In the current study, we compared TRIM28 gene expression in glioma tissues acquired from surgical resection versus non-glioma tissues. Functional significance of TRIM28 was examined in cultured glioma cells and a xenograft model using shRNA gene silencing.

Materials and methods

Cell lines and culture

Four representative glioma cell lines (SHG44, GL261, U87 and U251: from the Chinese Academy of Sciences Shanghai Branch Bank of Cells) were cultured in DMEM medium containing 10 % fetal bovine serum (GIBCO; Carlsbad, CA, USA) as previously described [19].

Patients and follow-up

A total of 138 glioma tissue microarray (TMA) samples were obtained from patients who underwent curative resection between 2002 and 2009 in the Department of Neurosurgery, Huashan Hospital, Fudan University. The patient characteristics are shown in Table S1. Of them, 70 cases were GBM (Table S2). Six control brain specimens were randomly chosen from patients undergoing trauma/epilepsy surgery. Ethical approval was provided by the Ethics Committee of Huashan Hospital. Written informed consent was obtained from each patient.

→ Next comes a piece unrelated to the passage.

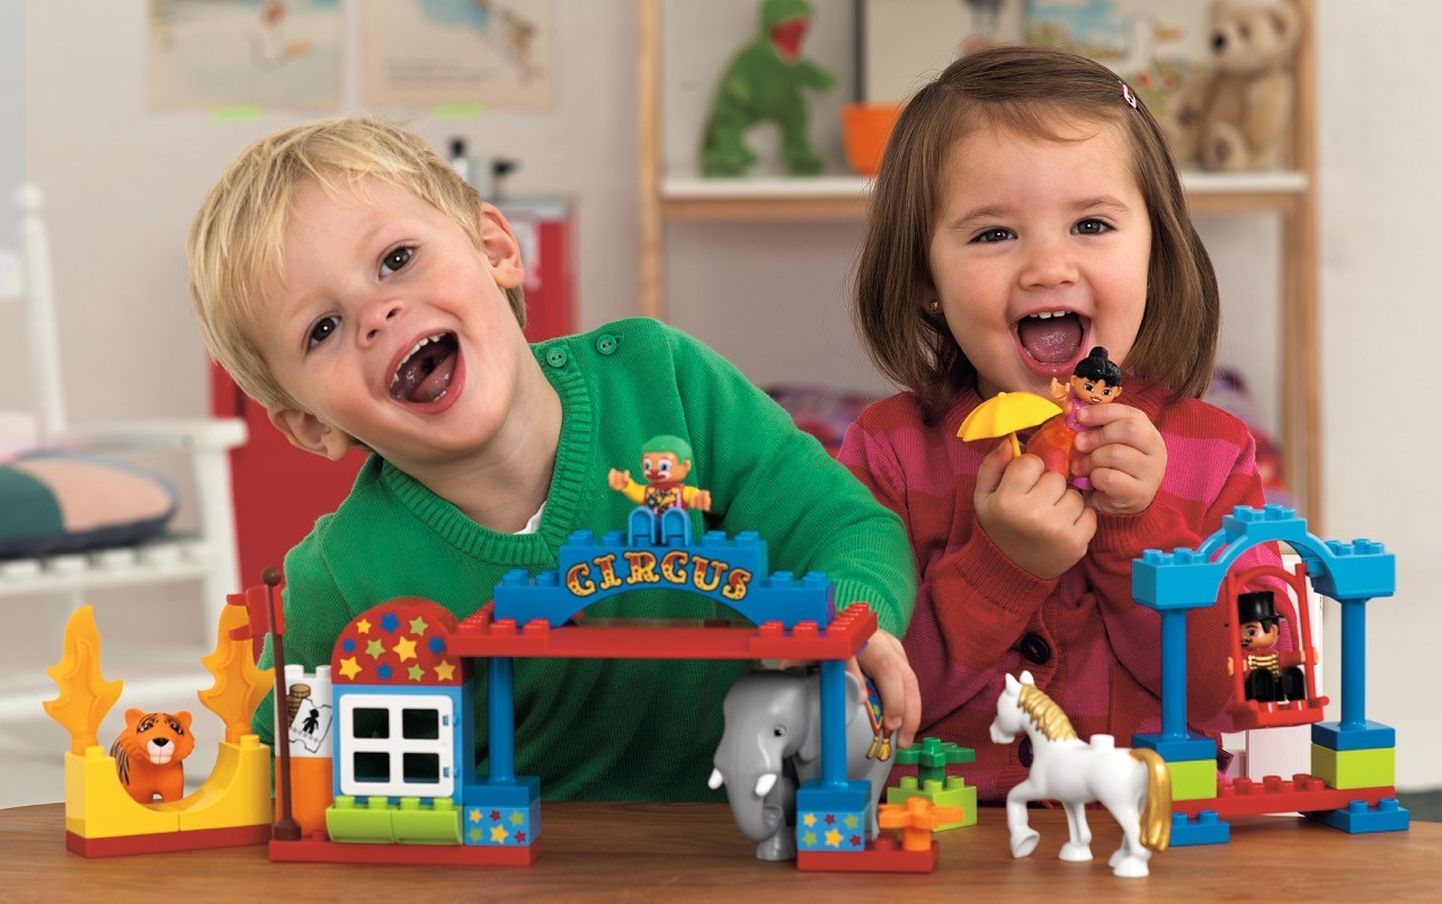 Legod on üks viis, kuidas lapsega ühiselt kvaliteetset aega veeta, lõbusaid jututeemasid leida ja talle eluks vajalikke motoorseid oskusi õpetada.

Construction of the TMAs and immunohistochemistry (IHC)

Detailed description of the construction of the TMA and IHC are available in the Supplementary Materials and Methods.

Transfection, quantitative real-time polymerase chain reaction (qRT-PCR) and Western blotting

Detailed description of the transfection experiments with shRNA for TRIM28, qRT-PCR and Western blotting analysis are available in the Supplementary Materials and Methods.

Cell proliferation, colony formation, flow cytometry and xenograft experiments

Detailed description of the cell proliferation assay, colony formation assay, flow cytometry assay of the cell cycle and xenograft experiments are available in the Supplementary Materials and Methods.

Statistical analysis

Statistical analysis was performed with the SPSS 19.0 software program (SPSS, Chicago, IL, USA). Data are presented as the mean ± standard deviation. Student’s t-test and Fisher’s exact probability were used for comparisons between groups. OS and progression-free survival (PFS) were evaluated using the Kaplan–Meier method for univariate analysis, and differences were assessed using the log-rank test. For the multivariate analysis, Cox proportional hazards regression model was used. Values of p < 0.05 were considered statistically significant.

Results

Bioinformatics analysis of TRIM family expression

We searched the Cancer Genome Atlas (TCGA) for differential expression of TRIM family proteins in GBM tissue (n = 483) vs. normal brain tissue (n = 10) (Fig. 1a). The analysis using a nanobody-based reverse proteomics approach [20] revealed high TRIM28 expression in GBM stem-like cells [20]. Such a result was confirmed by an analysis of the Murat database (Fig. 1b).

Fig. 1
figure 1

Expression of TRIM28 in glioma tissues. a Heat maps of the differentially expressed TRIM family members in normal brain tissue (n = 10) and in GBM samples from the TCGA database (n = 483). b The mRNA expression of TRIM28 in the control brain and GBM in the Murat database. (**p < 0.01)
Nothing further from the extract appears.